Many attorneys say the outcome of business-judgment defenses requires a state-by-state analysis of a specific state's rule barring "simple-negligence" cases.

"This is an open question in a lot of jurisdictions," said Larry Gangnes, an attorney at Lane Powell in Seattle. "It's an open question whether the business judgment rule can be used to preclude the FDIC from pursuing claims against bank executives under a negligence standard as opposed to gross negligence."

But prior legislation and court cases stemming from the previous savings-and-loan crisis had attempted to resolve the issue. In FDIC cases in the eighties, state laws sought to protect directors and officers from even "gross-negligence" claims.

But Congress ensured the FDIC could always at least bring the tougher — yet harder to prove — standard when lawmakers passed the Financial Institutions Reform, Recovery, and Enforcement Act in 1989. As for whether the FDIC is allowed to use the simpler standard, the 1997 Supreme Court case Atherton v. FDIC granted power to each state to decide which standard applies.

Even though those prior policies established standards, some attorneys argue they never really played out in court until now, with the pick-up in FDIC litigation following the mortgage meltdown.

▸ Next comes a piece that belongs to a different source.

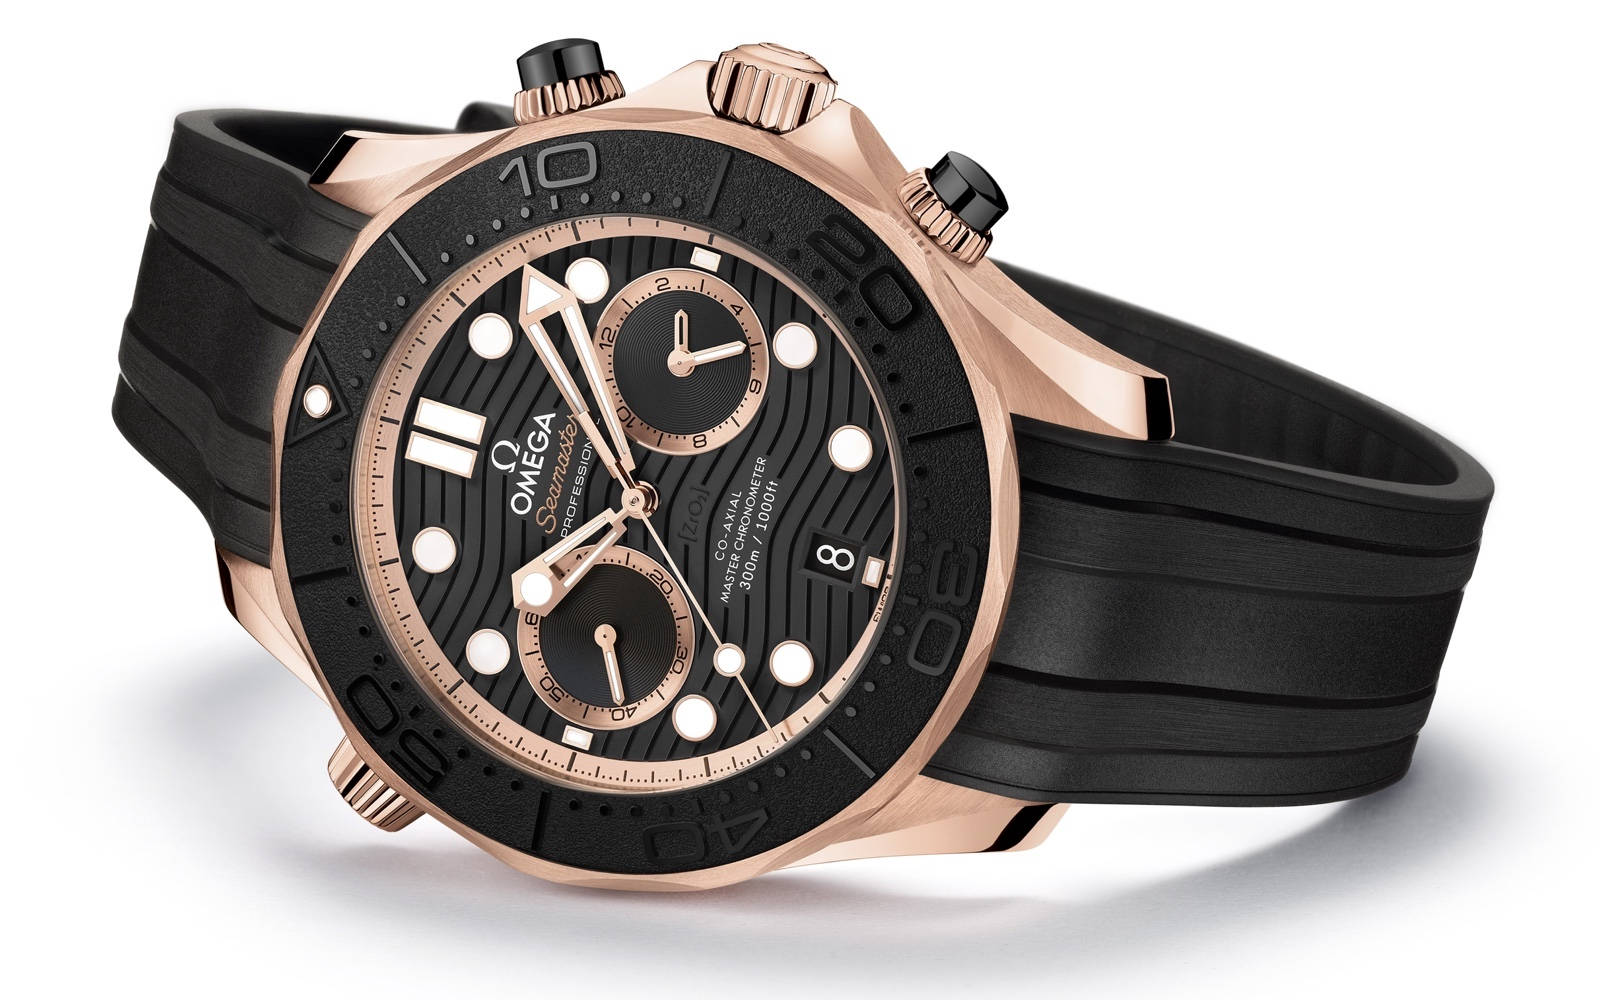 Omega Seamaster Diver 300M Chronograph Sedna Gold 2

"Shortly after FIRREA the industry improved tremendously. So we went for years without a significant number of bank failures," said Sanford "Sandy" Brown, a partner at Bracewell & Giuliani in Dallas. "This is the first opportunity that we've had post-FIRREA to have these concepts tested."

But David Baris, an attorney at BuckleySandler and executive director of the American Association of Bank Directors, said the FDIC is filing "simple-negligence" in states where failures were prevalent but the rules clearly bar the easier standard.

"Our reading of these cases is that Georgia, Illinois and California are all 'gross-negligence' states but the FDIC is still trying to sue under simple negligence," Baris said. "I can't read their minds on why. Maybe they think there is some kernel in the state law that would allow them to make the claim."

But Osterman indicated the FDIC will not bring the simpler claim if it does not believe there are grounds.

"Where state law permits suits against directors and officers for simple negligence, we will pursue claims under the standard," he said.

Indeed, in at least one example, the FDIC blocked a defense based on a state's business-judgment rule. In California, Perry, who ran IndyMac before its 2008 seizure made it the costliest failed bank of the crisis, asked a judge to dismiss a negligence claim based on the state's rule. But the judge balked, ruling California only protects directors — not corporate officers — from such claims. (Perry's attorneys are attempting to have the decision overturned in the Ninth Circuit Court of Appeals.)

"This is a very important issue not just for Mr. Perry but for all California corporations. … California would be a total outlier if it didn't apply the business judgment rule to officers," said D. Jean Veta, a partner at Covington & Burling who is representing the former CEO. "What corporation would want to incorporate in a state where its officers aren't protected by the business judgment rule?"

But other observers say the provisions of FIRREA and the Atherton decision have triggered a 50-state analysis.

The Georgia case "will be influential, but … there is an entirely different dynamic going on in California," said LaCroix. "The recent decision in the Integrity Bank case was a reflection of the court's analysis of the business judgment rule under Georgia law. … Different states may have a different case law history and a different interpretation of the business judgment rule."